__Instructions for the task__
Starting with the line that contains "4 BEDROOM HOUSE", copy out each line through the end of the entries below, exactly as written, and nothing else.

--- Input material Enclosed Below ---

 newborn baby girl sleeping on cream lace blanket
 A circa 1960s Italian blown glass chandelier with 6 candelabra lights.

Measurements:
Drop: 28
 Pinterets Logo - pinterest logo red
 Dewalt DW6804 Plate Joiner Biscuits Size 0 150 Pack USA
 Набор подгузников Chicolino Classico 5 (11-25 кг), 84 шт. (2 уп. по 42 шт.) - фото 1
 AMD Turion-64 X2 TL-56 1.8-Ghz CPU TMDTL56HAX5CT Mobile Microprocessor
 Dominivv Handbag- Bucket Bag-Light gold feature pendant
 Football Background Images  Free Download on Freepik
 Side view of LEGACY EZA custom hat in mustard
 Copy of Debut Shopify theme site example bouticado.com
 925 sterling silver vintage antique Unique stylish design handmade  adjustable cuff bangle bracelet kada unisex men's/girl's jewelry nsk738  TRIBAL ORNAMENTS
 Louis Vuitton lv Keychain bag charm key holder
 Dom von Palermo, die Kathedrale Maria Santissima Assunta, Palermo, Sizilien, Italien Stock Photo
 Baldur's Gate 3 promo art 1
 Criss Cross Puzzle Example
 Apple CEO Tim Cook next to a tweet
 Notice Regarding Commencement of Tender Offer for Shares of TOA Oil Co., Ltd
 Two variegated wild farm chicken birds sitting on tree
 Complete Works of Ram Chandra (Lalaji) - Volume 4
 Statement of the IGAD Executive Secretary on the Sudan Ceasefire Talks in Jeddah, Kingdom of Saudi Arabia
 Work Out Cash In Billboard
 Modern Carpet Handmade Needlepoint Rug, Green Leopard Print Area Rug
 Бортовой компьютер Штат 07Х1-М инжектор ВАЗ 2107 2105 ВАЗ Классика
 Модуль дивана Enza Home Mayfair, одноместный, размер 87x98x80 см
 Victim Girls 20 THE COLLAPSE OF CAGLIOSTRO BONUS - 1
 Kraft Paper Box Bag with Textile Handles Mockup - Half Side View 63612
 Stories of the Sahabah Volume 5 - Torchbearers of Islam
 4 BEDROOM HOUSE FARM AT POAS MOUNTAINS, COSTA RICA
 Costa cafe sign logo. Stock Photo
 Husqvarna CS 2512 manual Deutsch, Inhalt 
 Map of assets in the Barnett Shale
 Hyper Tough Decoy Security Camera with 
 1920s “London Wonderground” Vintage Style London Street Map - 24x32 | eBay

--- End of Enclosed Input material ---

__Result of the task__
 4 BEDROOM HOUSE FARM AT POAS MOUNTAINS, COSTA RICA
 Costa cafe sign logo. Stock Photo
 Husqvarna CS 2512 manual Deutsch, Inhalt 
 Map of assets in the Barnett Shale
 Hyper Tough Decoy Security Camera with 
 1920s “London Wonderground” Vintage Style London Street Map - 24x32 | eBay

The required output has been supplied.